Some market strategists say major Japanese companies are poised to gain momentum after a solid fiscal 2014 paved the way for reaping even greater windfall from a weaker yen and plunging global oil prices give an extra boost to business activity.

This upbeat outlook for Japan Inc. is expected to sway corporate executives to approve pay hikes in the annual wage talks this spring, as requested by Prime Minister Shinzo Abe, stimulate tepid domestic demand and lift prices in the long run, these strategists said.

They say that with all these developments, Abe’s bid to lift Japan out of its long deflationary malaise will get back on track. His efforts were derailed in part when the economy tumbled into recession after the first stage of the consumption tax hike last April and wages failed to keep pace with his inflation bid.

“We have high hopes that robust growth will be achieved by strong external demand and the advantage of a weaker yen,” said Makoto Morita, a senior strategist at Daiwa Securities.

Daiwa Securities estimates that pretax profit at major companies will rise 11.6 percent in fiscal 2015 after a projected 9.7 percent increase in fiscal 2014.

Nomura Securities expects an increase of 13.1 percent, while SMBC Nikko Securities is forecasting 9.4 percent.

The three major securities houses say growth will be led by the manufacturing sector. Among the three, Daiwa is the most bullish, predicting a profit rise of 15.8 percent for the sector in the coming business year.

The weaker yen, which dropped to a seven-year low against the dollar this month, is set to boost automakers like Toyota Motor Corp., Nissan Motor Co., Honda Motor Co., and help other major exporters in the auto, electronics and machinery industries, which depend in large part on the U.S. economy, where growth is expected to bolster their overseas businesses.

A weaker yen makes Japan-made products more price competitive overseas and lifts income earned abroad when repatriated. For example, each time the dollar strengthens by ¥1, Toyota’s annual operating profit rises by ¥40 billion (about $333 million). The world’s biggest carmaker by volume expects a record operating profit of ¥2.5 trillion in the current business year through March.

The profit forecasts by the three securities houses are based on an average exchange rate of ¥108.0 to ¥115.0 to the dollar for fiscal 2015, versus their ¥105.5 to ¥109.0 assumed average rate for fiscal 2014.

The dollar’s recent level around ¥120 leaves plenty of room for even higher growth at Japanese manufacturers, strategists said.

Hisao Matsuura, a senior strategist at Nomura Securities, said he estimates every ¥1 appreciation of the dollar will raise major Japanese firms’ pretax profit by 0.7 percent in fiscal 2015.

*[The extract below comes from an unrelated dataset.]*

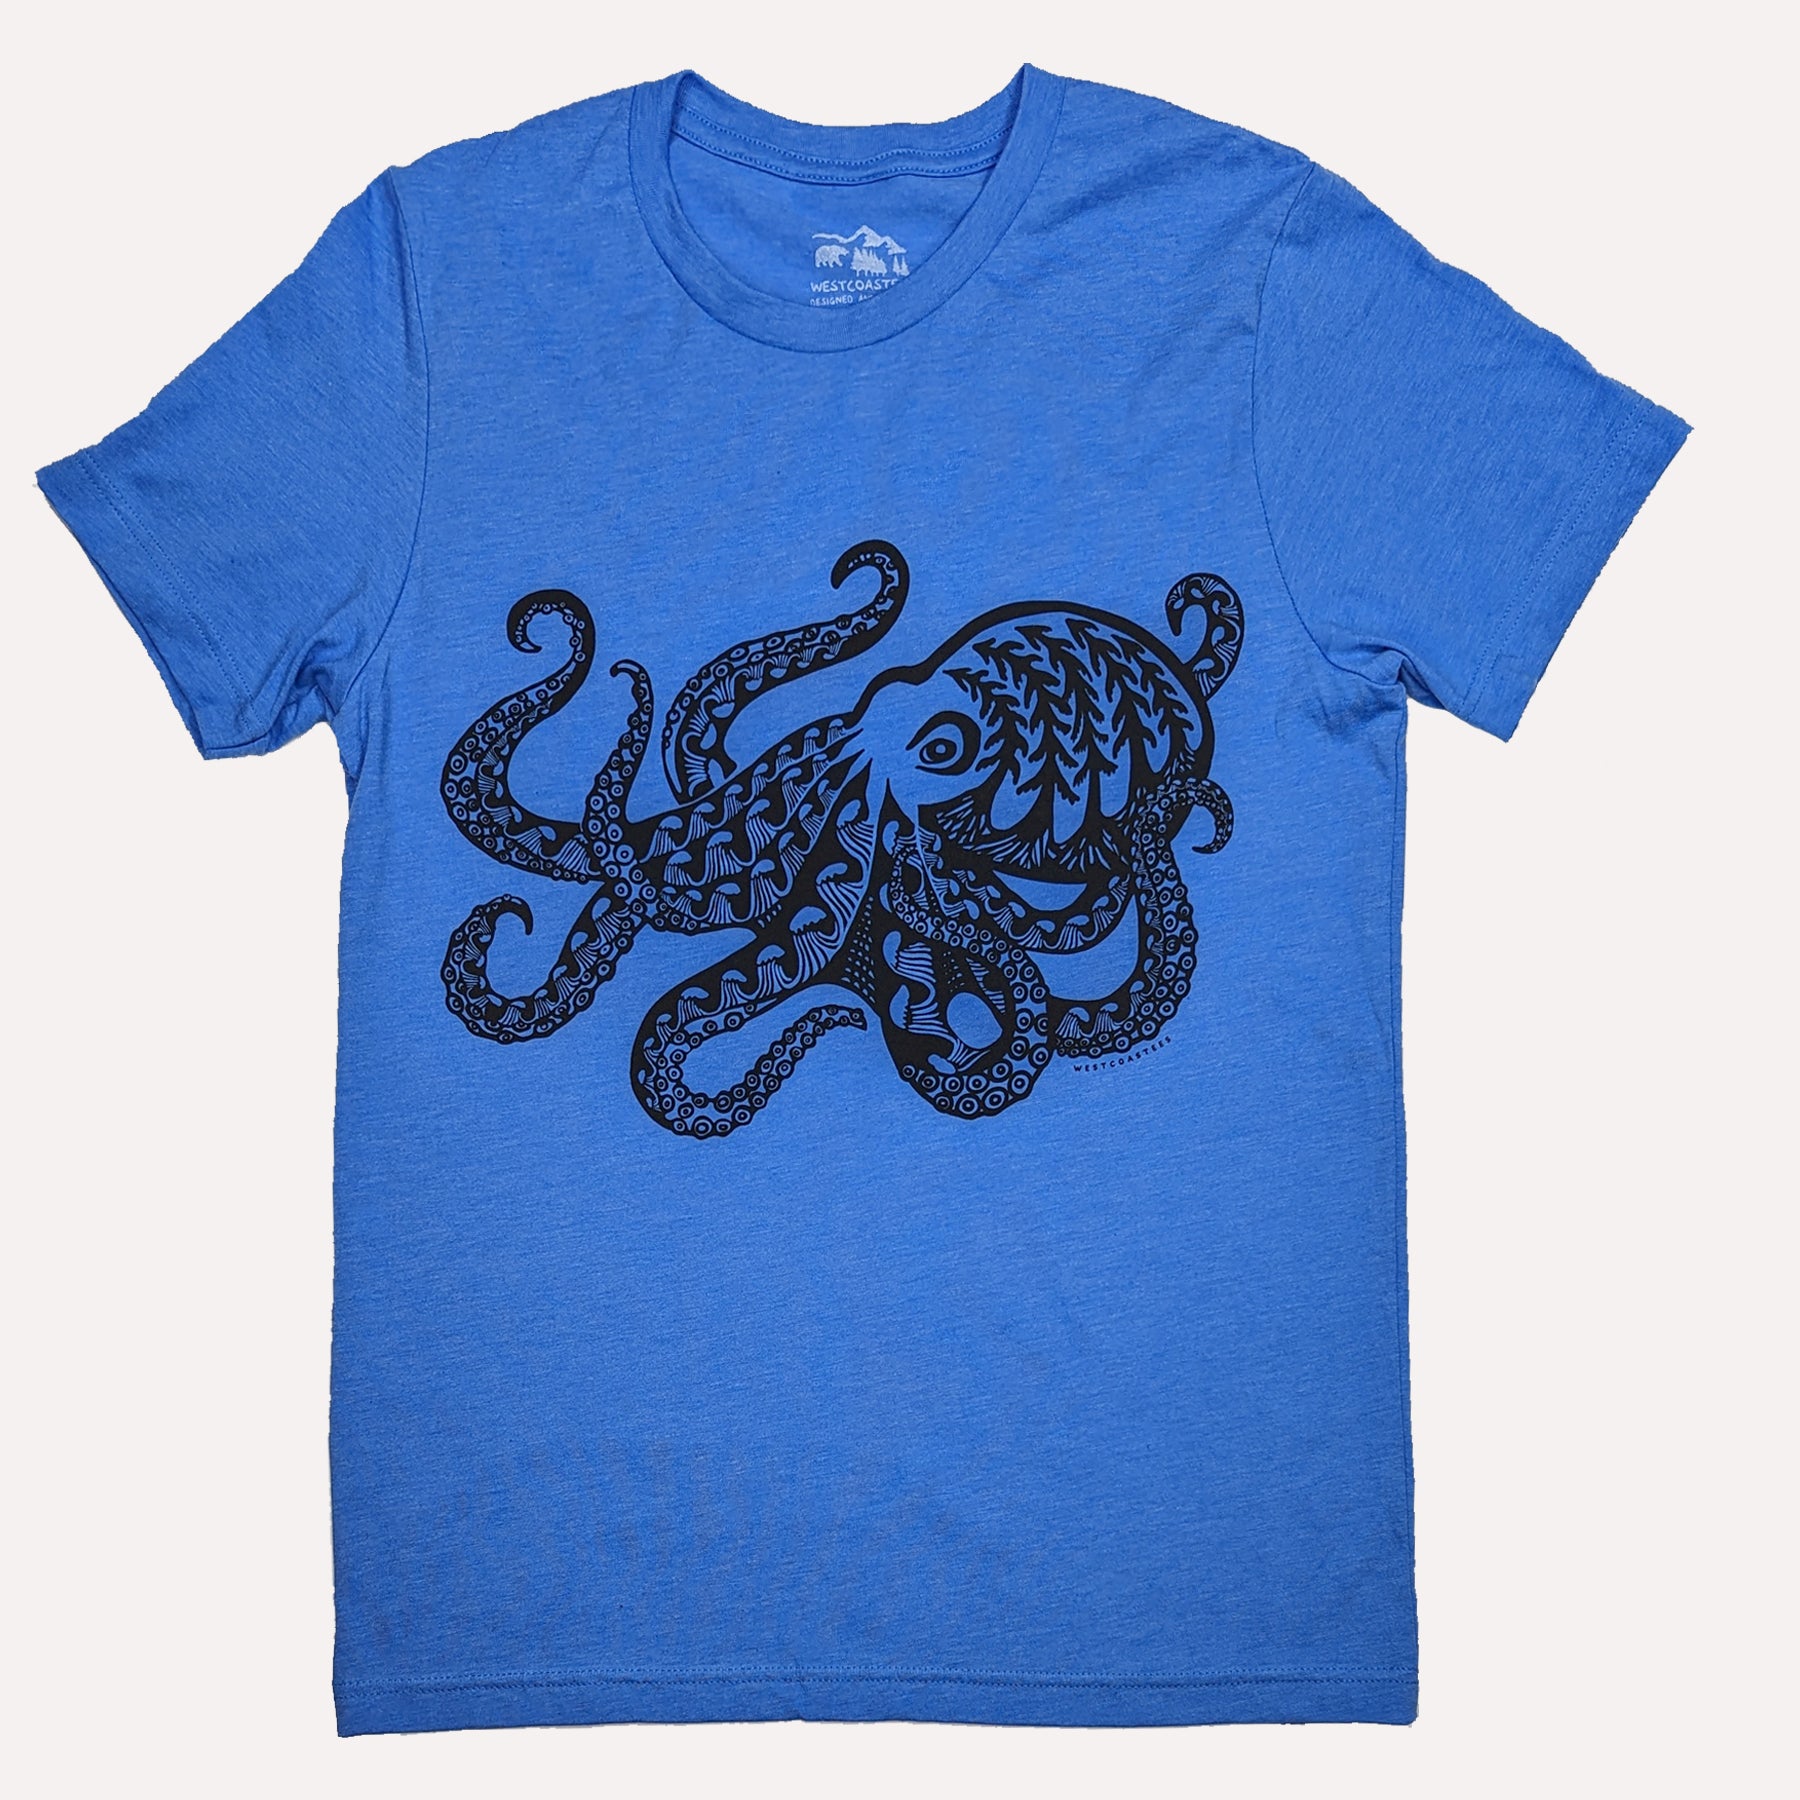 Adult Unisex Forest Octopus T-shirt, ADULT UNISEX TEE'S, Westcoastees, www.westcoastees.com

An additional push will come from the recent plunge in global oil prices, which will reduce the fuel costs of airlines, shipping and other transportation companies.

Similarly, rubber products makers like Bridgestone Corp., as well as plastic and other industrial material manufacturers, will be able to trim costs to purchase materials derived from crude oil.

In turn, companies with reduced operating costs will be able to offer services and products at lower prices, spurring domestic consumption that slumped sharply after the consumption tax was raised to 8 percent from 5 percent in April, economists said.

JAL and ANA already plan to cut fuel surcharges on their international flights from February, a move that could spark travel demand.

“This (drop in oil prices) is an enormous advantage to Japan,” said Robert Feldman, chief economist at Morgan Stanley MUFG in Tokyo.

Feldman said that more than ¥5 trillion in demand, equivalent to lowering the consumption tax by 2 percentage points, will be created as long as oil prices stay around current levels.

Reignited demand will turn around the outlook for firms operating mainly in the domestic market and reeling from the lingering effect of the consumption tax hike, strategists said.

The fading impact of the tax increase and expected wage hikes will lift pretax profit in the retail sector 13.8 percent in fiscal 2015, a major turnaround from a 0.9 percent fall in fiscal 2014, Nomura estimates.

But the weaker yen, and even the sharp drop in global crude oil prices, as long as it lasts, can harm some Japanese companies, especially when changes occur too fast to allow for an adequate response.

A weakened yen makes imports of raw materials and other ingredients more expensive for paper-making and food companies, while the drop in crude oil prices remains a big headache for oil refiners like JX Holdings Inc. and trading houses such as Sumitomo Corp., which have invested heavily in oil exploration.

The murky outlook for Russian and some other oil-producing countries’ economies following the collapse in oil prices could also pose a serious challenge to companies aggressively tapping into emerging countries, strategists said.